Jacques Doillon y el ojo colosal

Dic 16 • Miradas, Pantallas • 3851 Views • No hay comentarios en Jacques Doillon y el ojo colosal

 

Dentro de una propuesta alejada de las tradicionales bio-pics, Rodin recrea el tormentoso, a veces infernal, romance que este escultor francés tuvo con su asistente Camille Claudel, y que lo muestra entre atrapado entre su frustrante mundo erótico y su ardua lucha por el reconocimiento

 

POR JORGE AYALA BLANCO


En Rodin (Francia-Bélgica, 2017), desarmante opus 28 del posnuevaolero autor total de 73 años Jacques Doillon (Los dedos en la cabeza 74, Raja la africana 03), el prodigioso escultor moderno de mediana celebridad ascendente pero aún rechazado por el conjunto de la crítica establecida Auguste Rodin (Vincent Lindon contenidísimo) recibe tardíamente a los 40 años en 1880 su primer encargo oficial, inspirado en la narrativa de La Divina Comedia de Dante, que se convertirá en su obra maestra La puerta del infierno, por lo que se ensimisma y prácticamente se recluye en su taller al lado de su joven talentosa alumna-amante cada vez con mayores exigencias y más desequilibrada mentalmente Camille Claudel (Izia Higelin), sin romper por ello con su campesinota amante-ama de llaves y madre de sus hijastros Rose Beuret (Séverine Caneele), ni dejar de consagrarse a otros retratos y encomiendas escultóricas, ni abandonar sus ocasionales lances con algunas modelos desnudas propias o que le baja a sus amigos, pero luego de tres años de relación tan sensual como insostenible, la ruptura con la arribista y ambiciosa Camille se torna inminente y, aunque colateral e inevitable, logra desajustar a Rodin, quien intenta apoyarla indirectamente a través de su galero común Eugène Bolt (Maxence Tual), se muda a la campiña de Meudon y más que nunca se refugia en su trabajo ahora diversificado, en su frustrante mundo erótico y en su ardua lucha por el regateado reconocimiento que, sin embargo, emblematizado por una admiradora japonesa llamada Hanako (Linh) y pese a la apabullante belleza innovadora de su arte, sólo le llegará post mortem a su ojo colosal.

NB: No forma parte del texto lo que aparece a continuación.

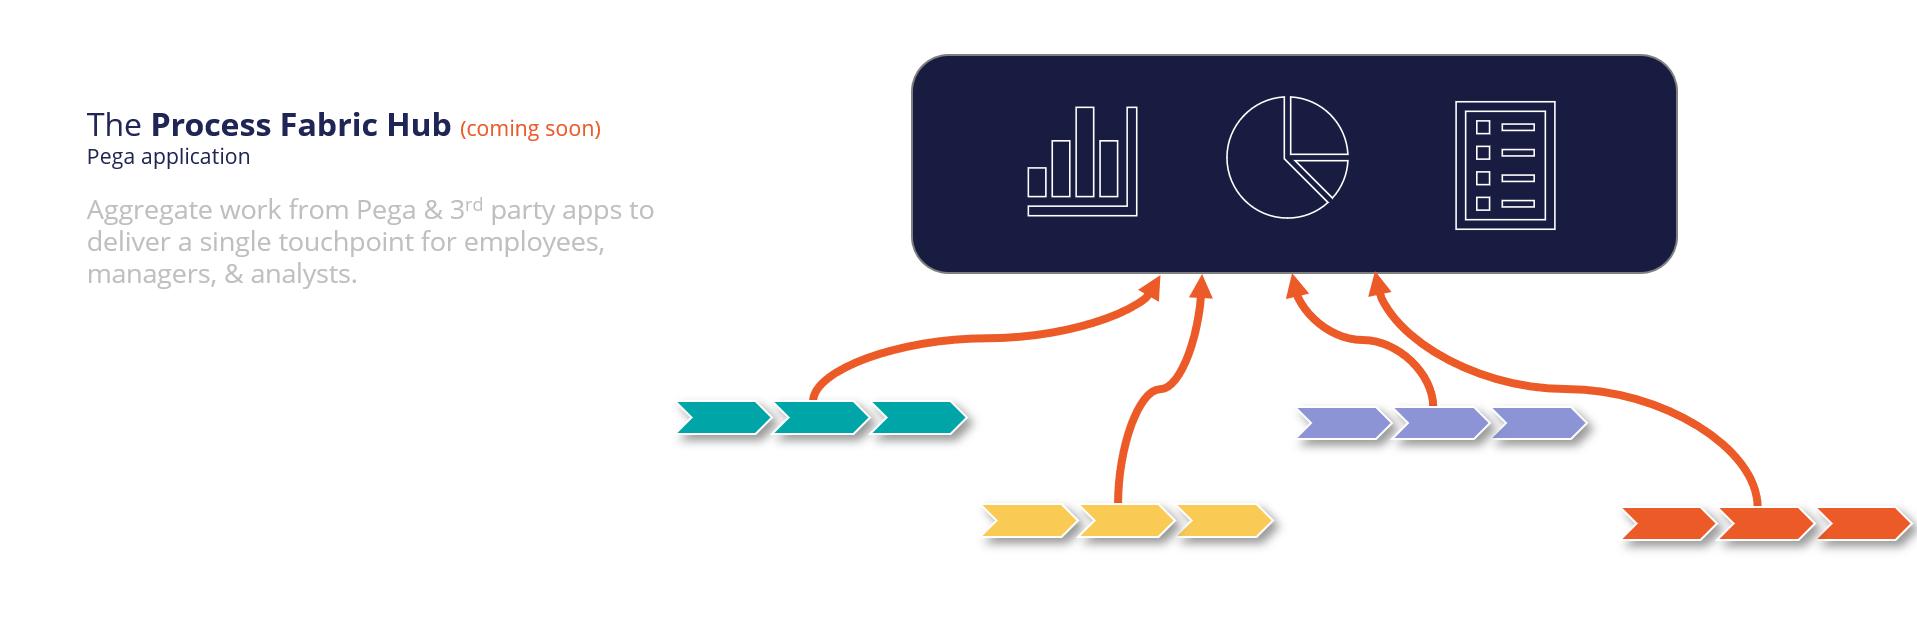 Process Fabric Hub

El ojo colosal renuncia por principio a toda grandeza o complicidad de la bio-pic tradicional para optar por la diseminada colección de estampas o viñetas, sin mayor solemnidad ni armazón ni ilación ni consecuencia trágica o melodramática o patética, ya que optan por la antidramaturgia de los mínimos hechos cotidianos, de los pequeños secretos y las relaciones inmediatas, como corresponde al truffautismo límite del cálido cineasta Doillon, siempre en tono íntimo y deliberadamente ínfimo, que no menor ni minimalista o hiperrealista en boga, sino archipúdico y desenfadado, porque nadie sabe o sospecha siquiera de la trascendencia de sus actos en el momento de acometerlos, y así este Rodin, desdramatizado aunque convincente e intensísimo, puede ser visto sin aspaviento alguno, igual que la inconsolable autoabandonada descompuesta de La mujer que llora (Doillon 79), que el niño incontenible en la pendiente delincuencial involuntaria de El pequeño criminal (Doillon 90), que los chavos ligadores involuntariamente crueles de El joven Werther (Doillon 93) y que la desgarradora huerfanita cuatroañera sobreponiéndose a su pérdida primaria en Ponette (Doillon 96), y eso inclusive si Rodin se codea en un de repente con los grandes hombres-nombres de su tiempo, sea el anciano poeta megalómano Victor Hugo (Bernard Verley) a quien debe esculpir de memoria porque se niega a posar para él, sea el reverenciado pintor impresionista que le enseñó a entender (y desintegrar) la luz Claude Monet (Oliver Cadiot) acaso tanto como al fotógrafo del film (Christophe Beaucarne), sea el compendiador de posibilidades futuras de la composición plástica Paul Cézanne (Arthur Nauzyciel) que se le hinca en privado para besarle la mano maestra, sea el novelista-comediógrafo disidente Octave Mirbeau (Laurent Poitrenaux) que lúcidamente lo consuela del repudio de otras plumas, o sea el hipersensible escritor austriaco Rainer Maria Rilke (Anders Danielsen Lip), con quien redescubre autocríticamente, durante una vista a la catedral de Chartres, la influencia fundamental de las feroces esculturas medievales (y las de Miguel Ángel) sobre su propia labor.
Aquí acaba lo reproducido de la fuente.